Decided June 13, 2005
- Full case name: Johnson v. California
- Citations: 545 U.S. 162 (more)

Holding
- A defendant satisfies the first step of Batson v. Kentucky by producing evidence sufficient to permit the trial judge to draw an inference that discrimination has occurred, and a state cannot adopt a "more likely than not" standard for this step.

Court membership
- Chief Justice William Rehnquist Associate Justices John P. Stevens · Sandra Day O'Connor Antonin Scalia · Anthony Kennedy David Souter · Clarence Thomas Ruth Bader Ginsburg · Stephen Breyer

= Johnson v. California (2005) =

Johnson v. California, , was a United States Supreme Court case in which the court held that a defendant satisfies the first step of Batson v. Kentucky by producing evidence sufficient to permit the trial judge to draw an inference that discrimination has occurred, and a state cannot adopt a "more likely than not" standard for this step.

==Background==

Johnson, a Black man, was convicted in a California state court of assaulting and murdering a white child. During jury selection, a number of prospective jurors were removed for cause until 43 eligible jurors remained, three of whom were Black. The prosecutor used 3 of his 12 peremptory challenges to remove the prospective Black jurors, resulting in an all-white jury. Defense counsel objected to those strikes on the ground that they were unconstitutionally based on race. The trial judge did not ask the prosecutor to explain his strikes but instead simply found that petitioner had failed to establish a prima facie case of purposeful discrimination under the governing state precedent, People v. Wheeler, which required a showing of a strong likelihood that the exercise of peremptory challenges was based on group bias. The judge explained that, although the case was close, his review of the record convinced him that the prosecutor's strikes could be justified by race-neutral reasons.

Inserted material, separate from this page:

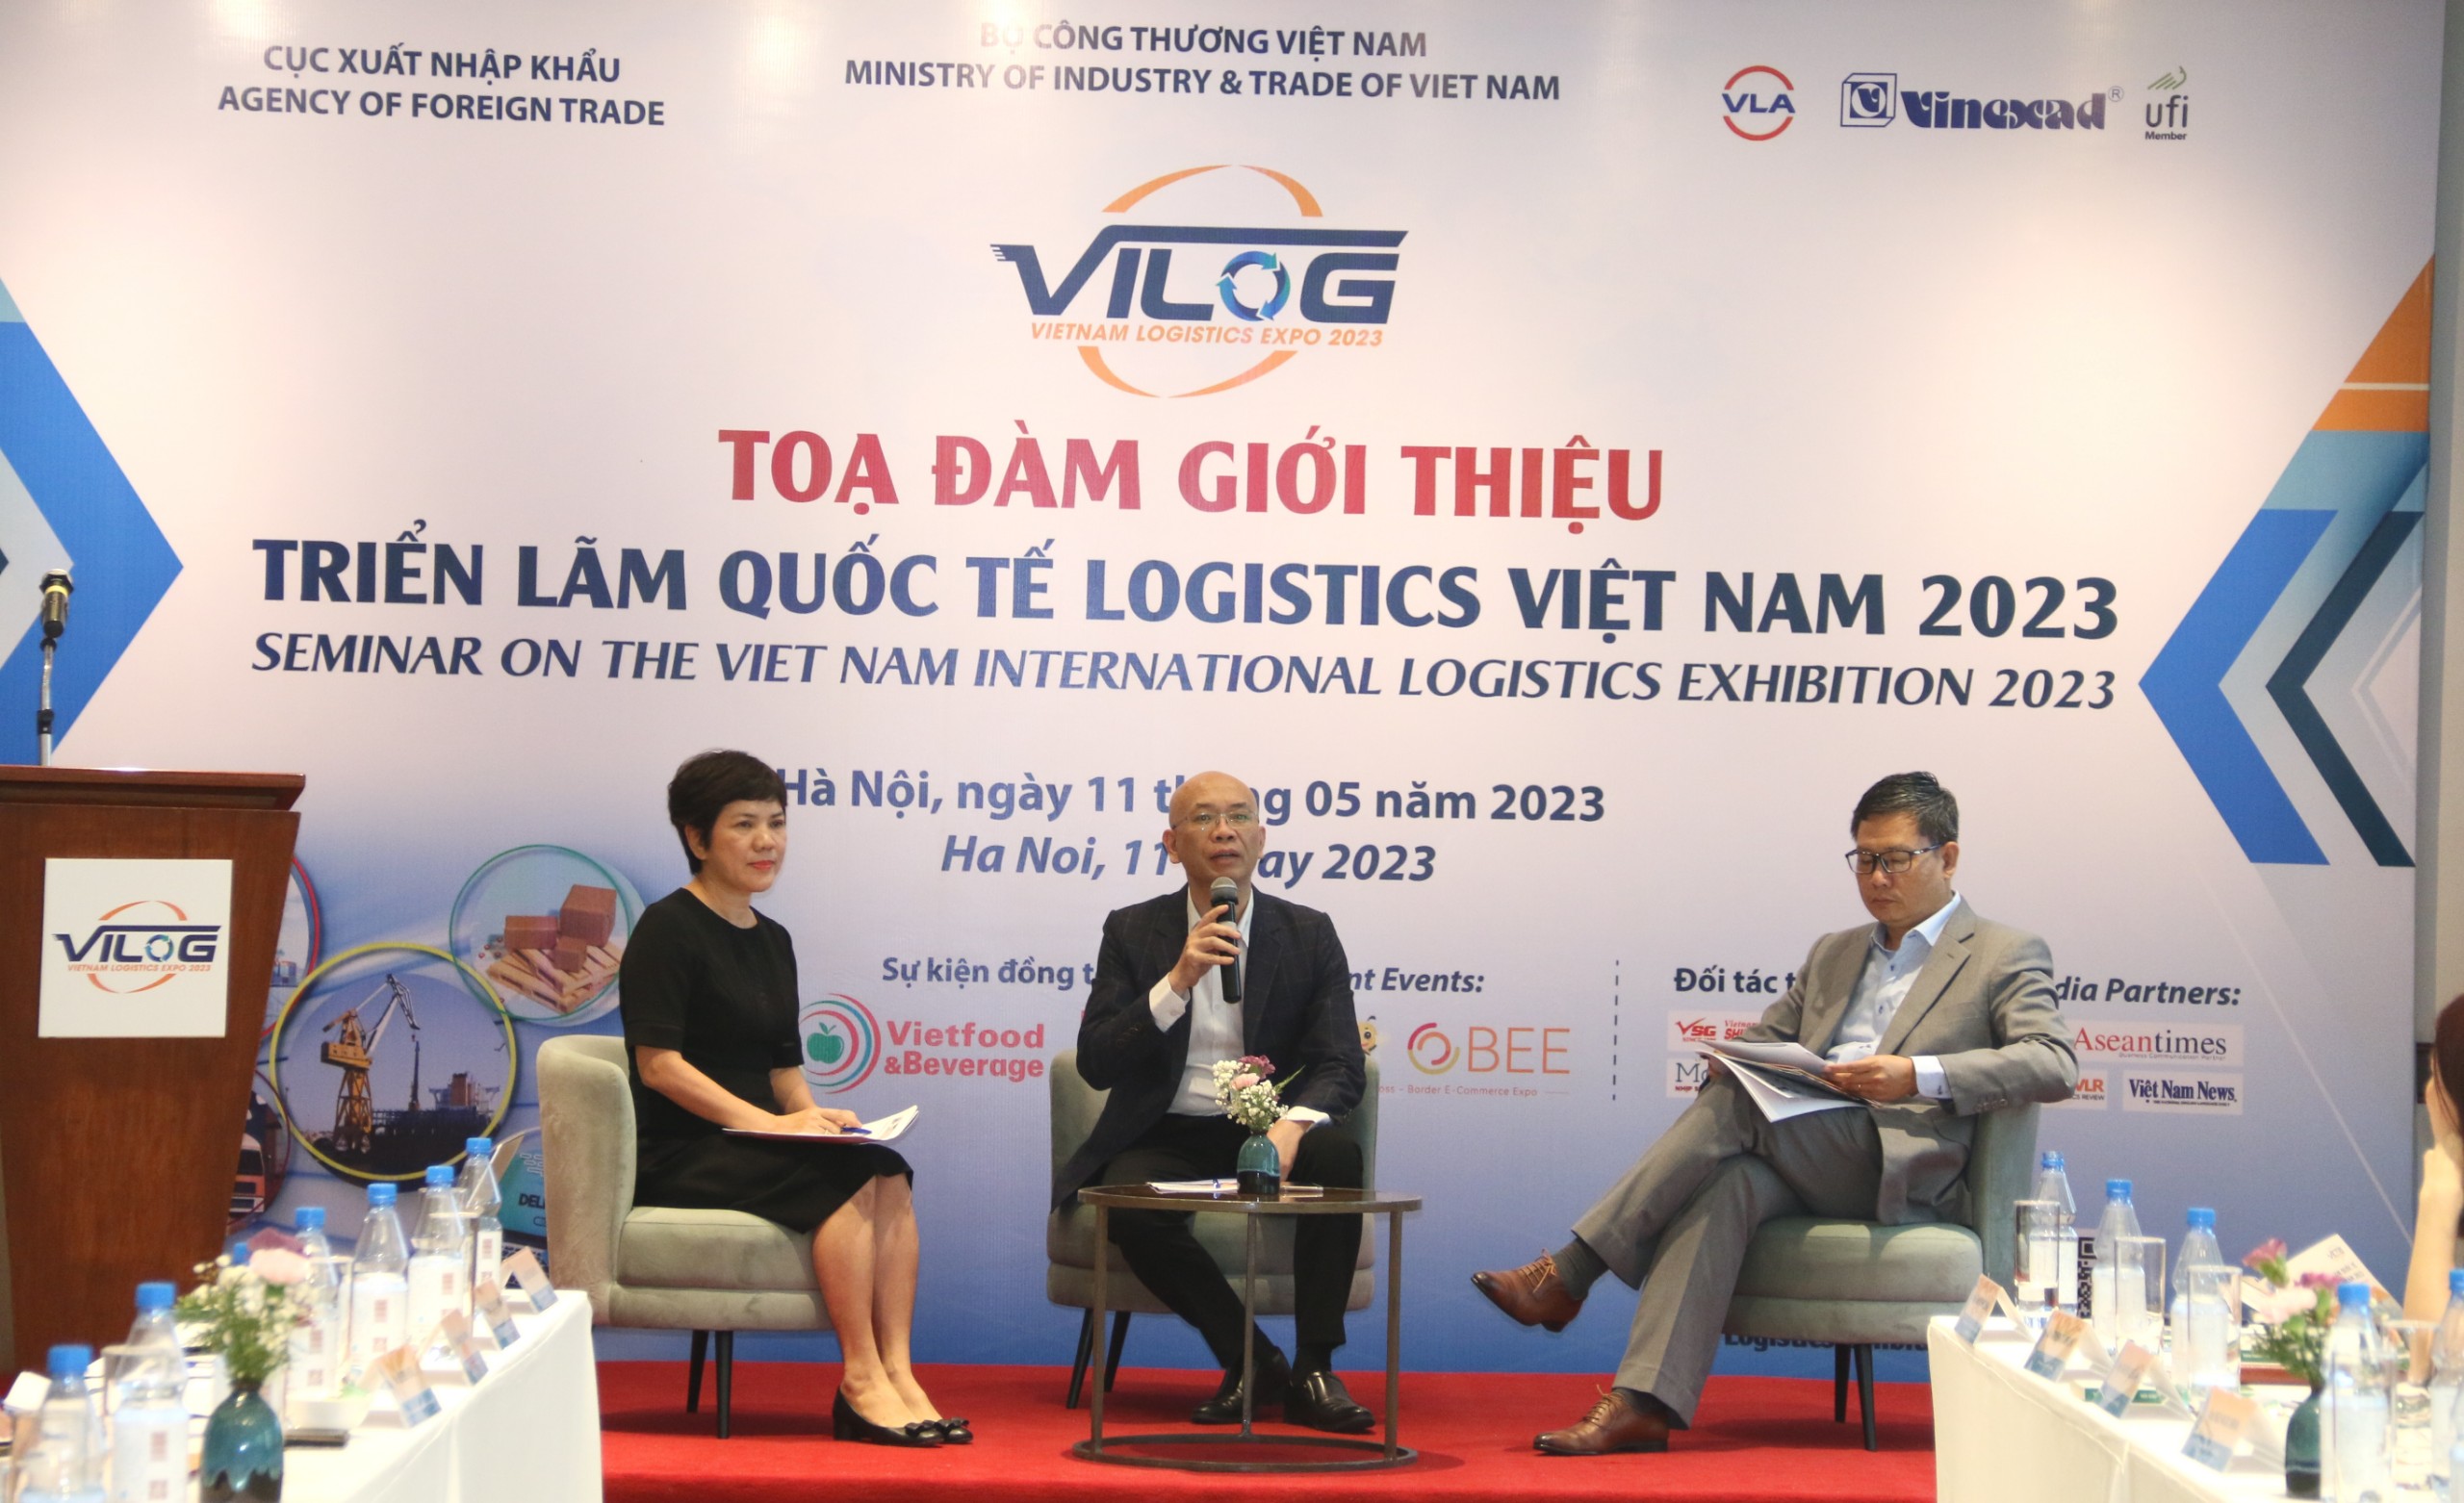 Tại buổi Tọa đàm giới thiệu Triển lãm quốc tế Logistics Việt Nam 2023

The California Court of Appeal set aside the conviction, but the California Supreme Court reinstated it, stressing that Batson v. Kentucky permitted state courts to establish the standards used to evaluate the sufficiency of prima facie cases of purposeful discrimination in jury selection. Reviewing Batson, Wheeler, and later cases, the court concluded that Wheelers "strong likelihood" standard is entirely consistent with Batson. Under Batson, the court held, a state court could have required the objector to present not merely enough evidence to permit an inference that discrimination has occurred, but sufficiently strong evidence to establish that the challenges, if not explained, were more likely than not based on race. Applying that standard, the court acknowledged that the exclusion of all three Black prospective jurors looked suspiciou, but deferred to the trial judge's ruling.

The Supreme Court granted certiorari.

==Opinion of the court==

The Supreme Court issued an opinion on June 13, 2005.